第61章(第3页)
高班说是,“厨司给太子妃娘子做了扬州菜,大娘子直夸好吃来着。小人叮嘱过,不叫惊动彝斋那头,大娘子应当正安睡吧。”
他听了,这才放心合上眼。但人啊,由奢入俭难,昨晚上她在身边,今晚身侧空空如也,总觉得哪里不太对劲,可恨已然成了亲,居然还要独守空房。

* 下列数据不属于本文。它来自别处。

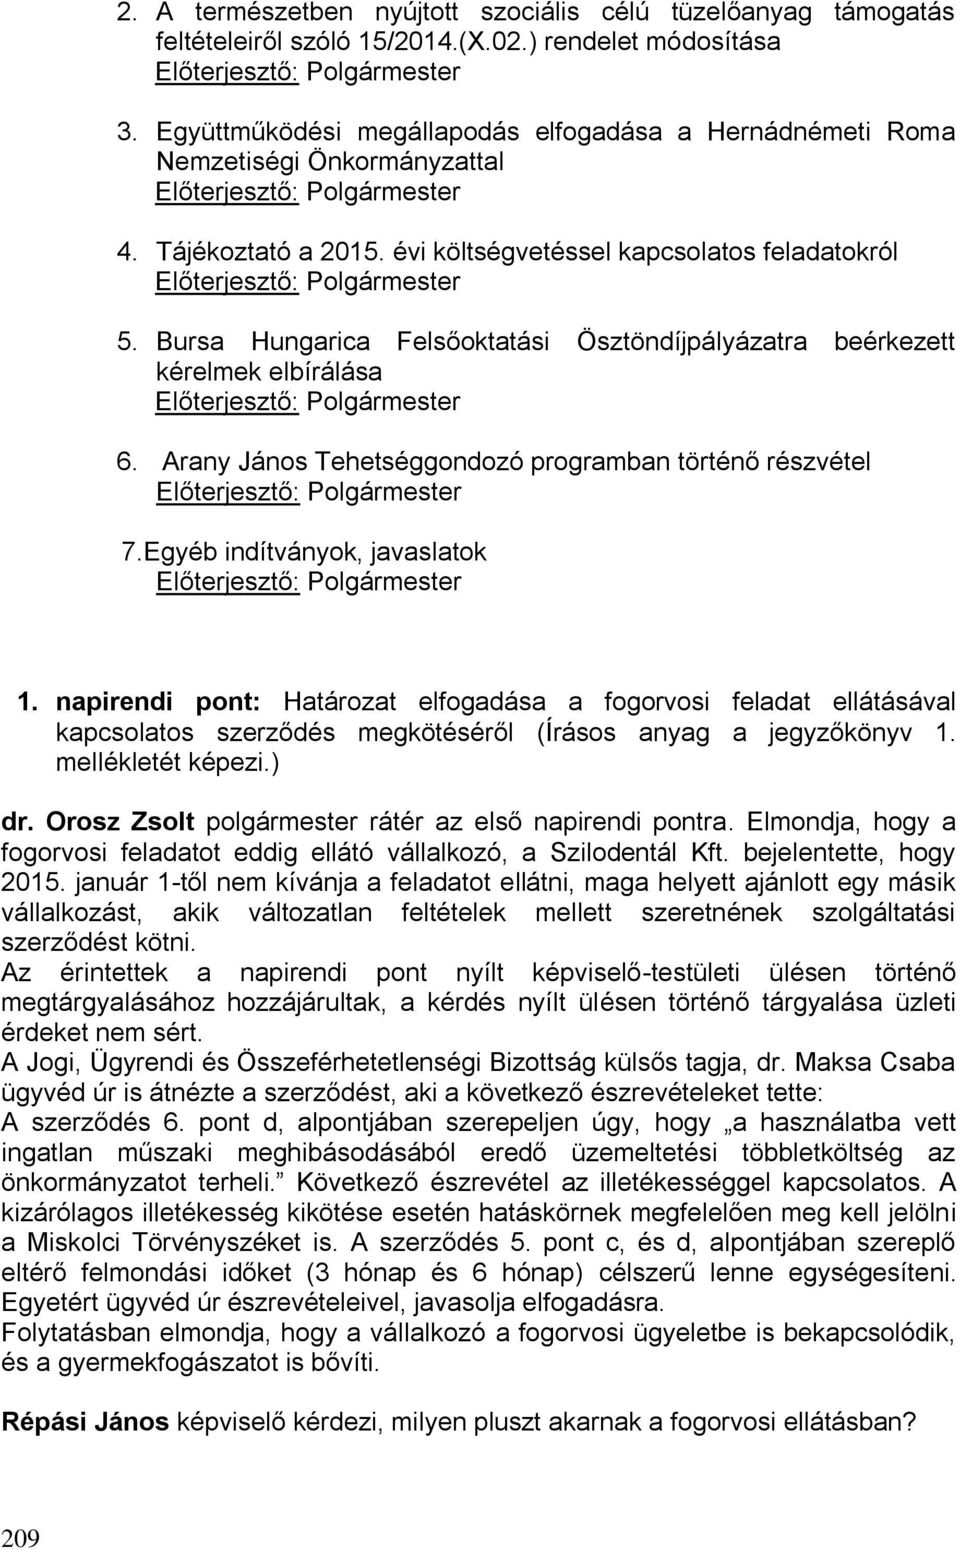 Bursa Hungarica Felsőoktatási Ösztöndíjpályázatra beérkezett kérelmek elbírálása 6. Arany János Tehetséggondozó programban történő részvétel 7.Egyéb indítványok, javaslatok 1.
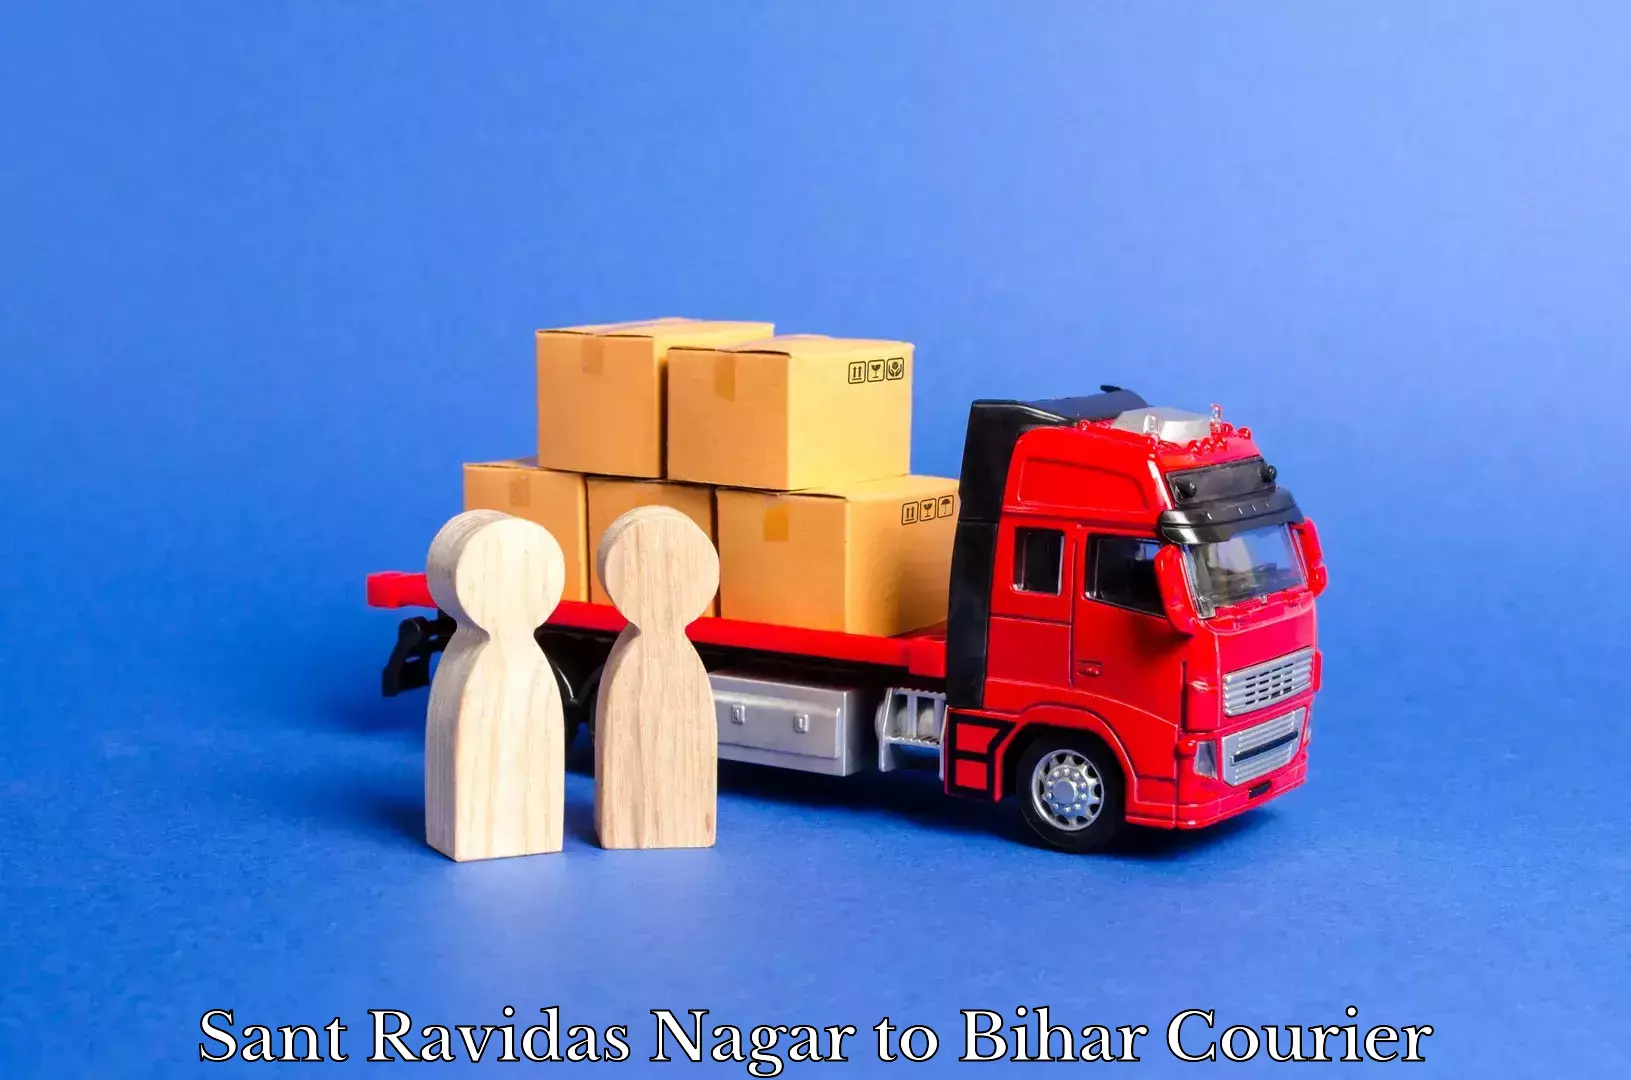 Courier service partnerships Sant Ravidas Nagar to Bihar
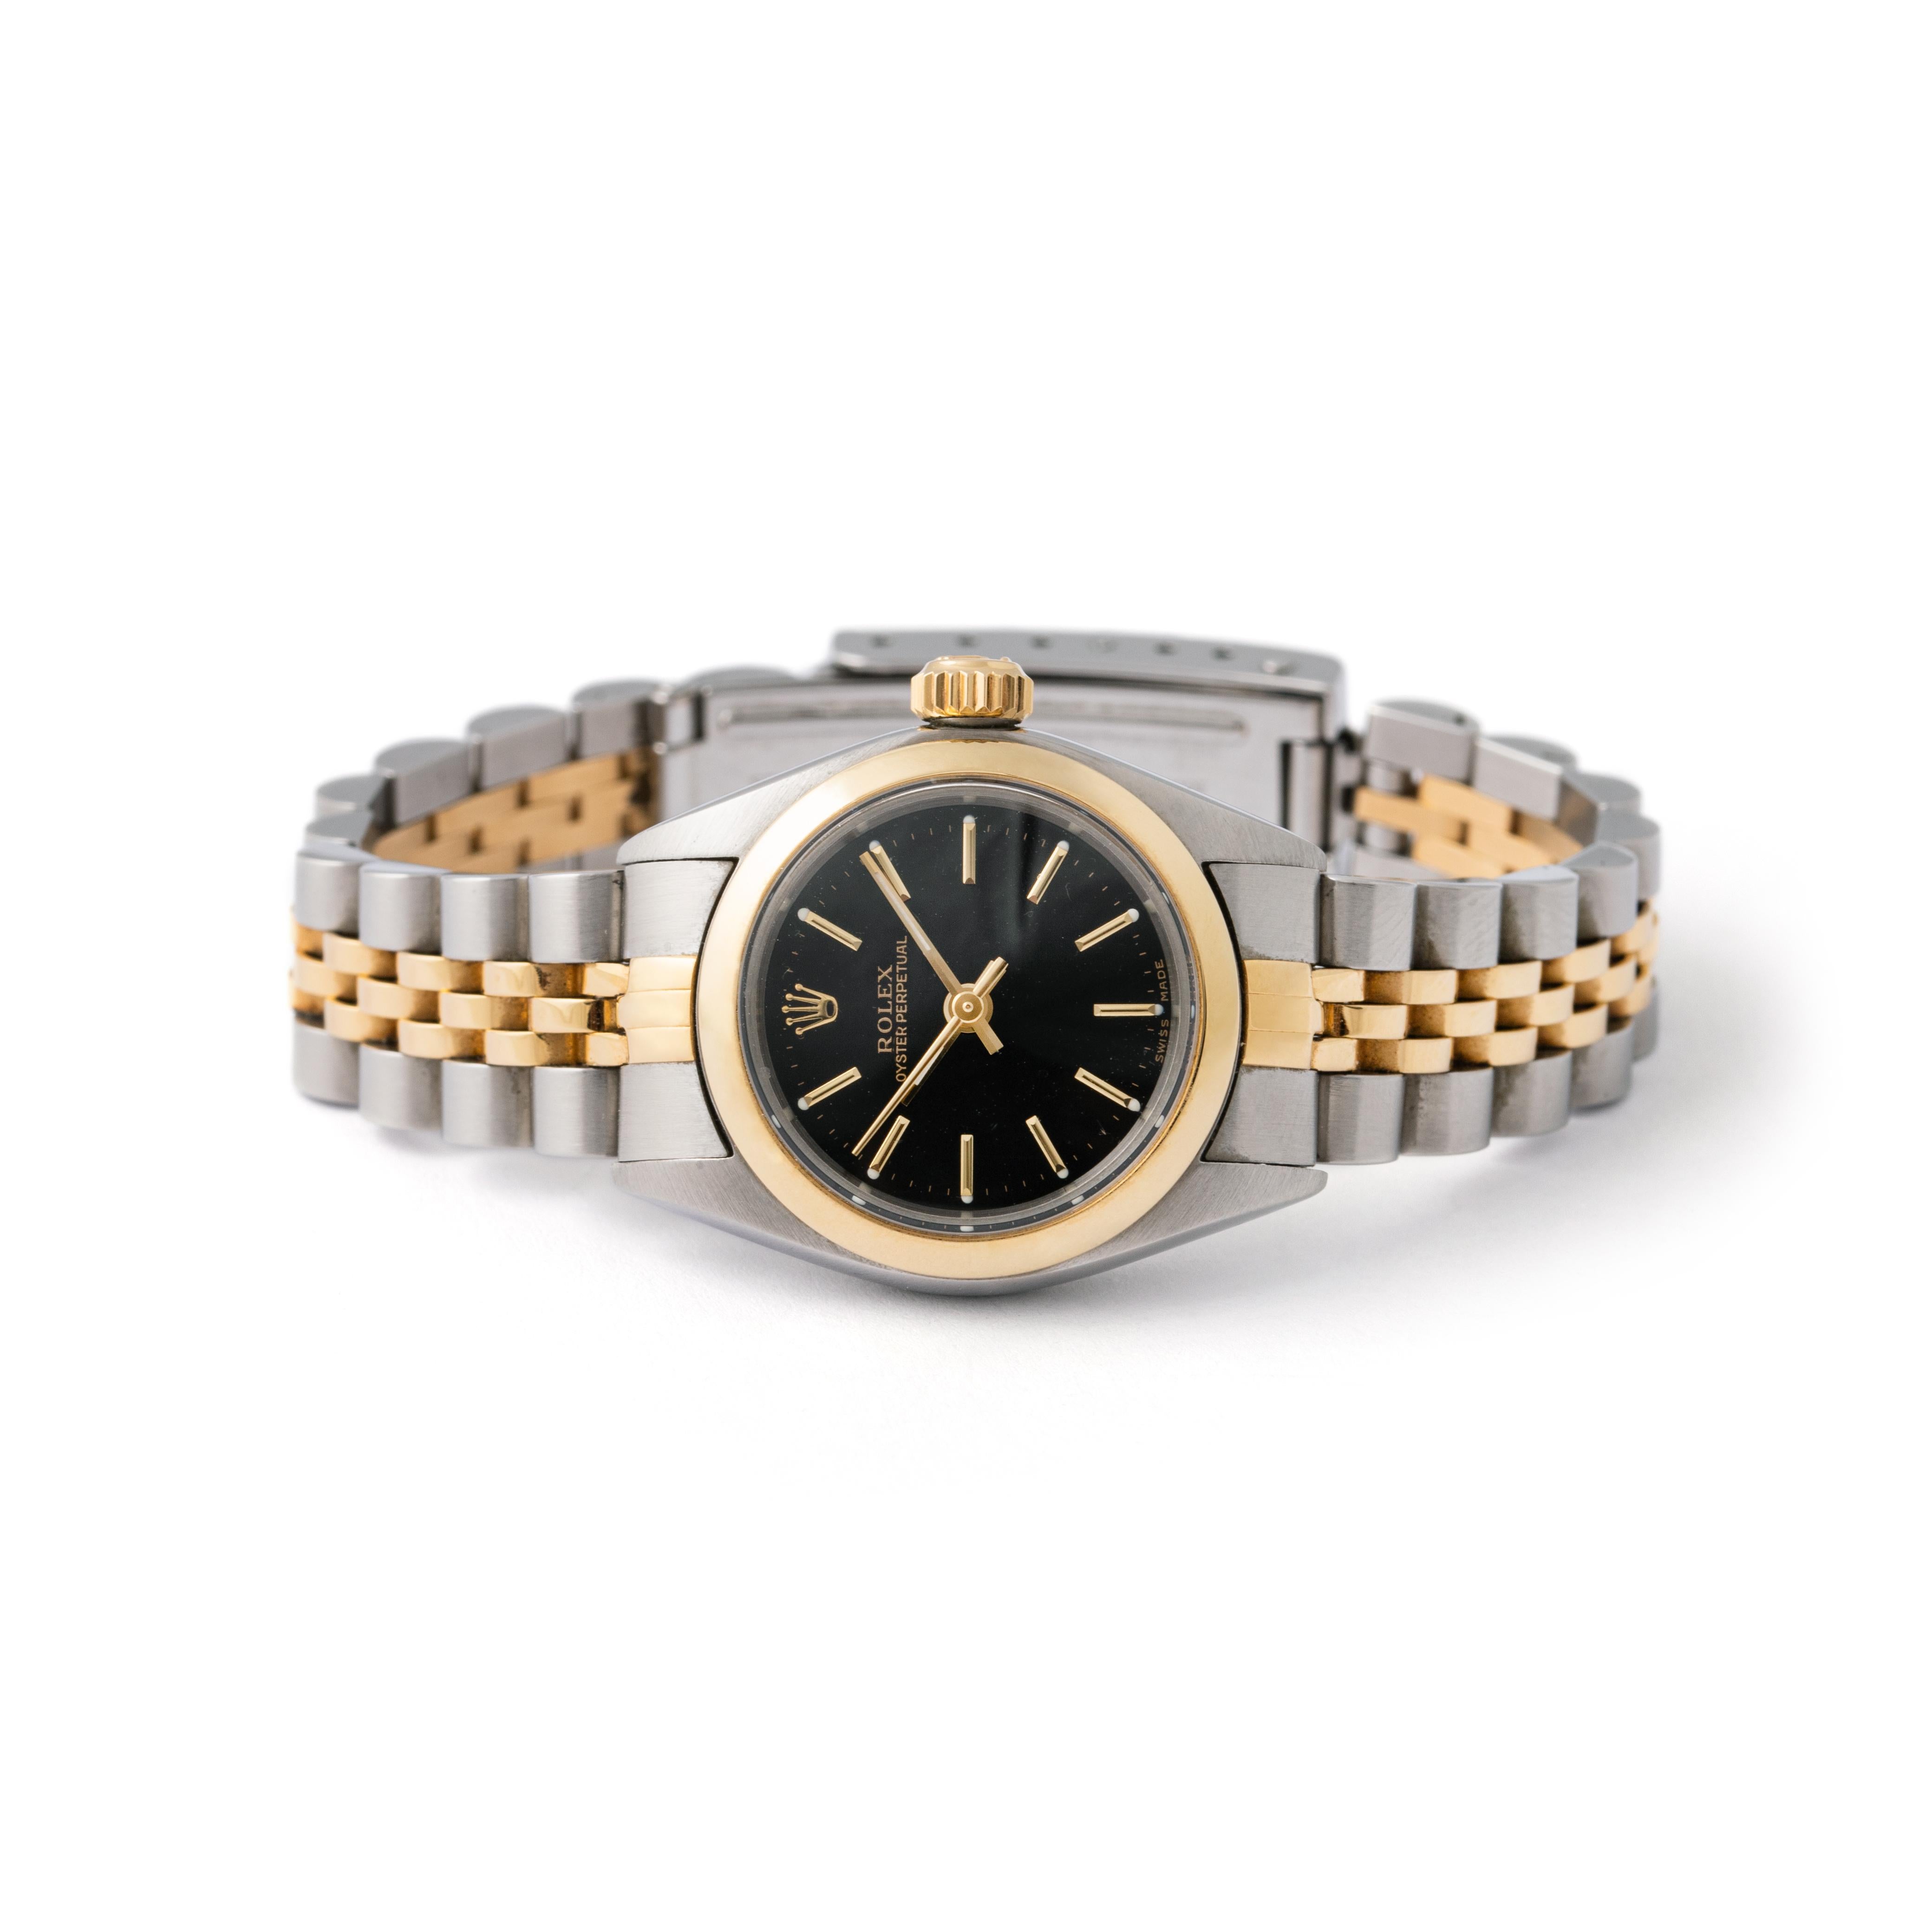 Rolex Lady Oyster Perpetual en or jaune 18 carats et acier.
Diamètre du boîtier : 26 mm.
Longueur du poignet : environ 15.70 centimètres.
Poids total : 49,38 grammes.

Nous ne garantissons pas le fonctionnement de cette montre.
Veuillez noter que le

不耐地想转个身,无奈伤口骤痛,让他僵在那里动弹不得。心浮气躁地叹了口气,随手一摆命人退下,耳边只听见窗外呼啸的北风,一阵阵呜咽着卷过檐角,烛火也翕动着,明灭不定起来。
忽然高班的声音传来:“大娘子怎么来了?”
他心头猛地一震,无边的喜悦迎面冲来。
自然压着声问:“殿下睡着了吗?我来看看,若是睡了,我就回去了。”
可他没等高班回答,已经急切地应了她,“没睡。”
顶天的帷幕后,很快探出一个小小的身影,穿着寝衣,外面罩着一件狐裘斗篷。斗篷能遮住上半截,下半截随着步伐迈进,薄薄的裙裾从豁口处露出来。
她登上脚踏,嘶哈嘶哈吸着凉气,“真冷啊……”
他忙让了让,“快进被窝里来,别着凉。”
她蹬了鞋,爬上床内侧,先来摸他的额头,“王主事说你染了风邪,你怎么不让我知道,一个人躲到这里来!”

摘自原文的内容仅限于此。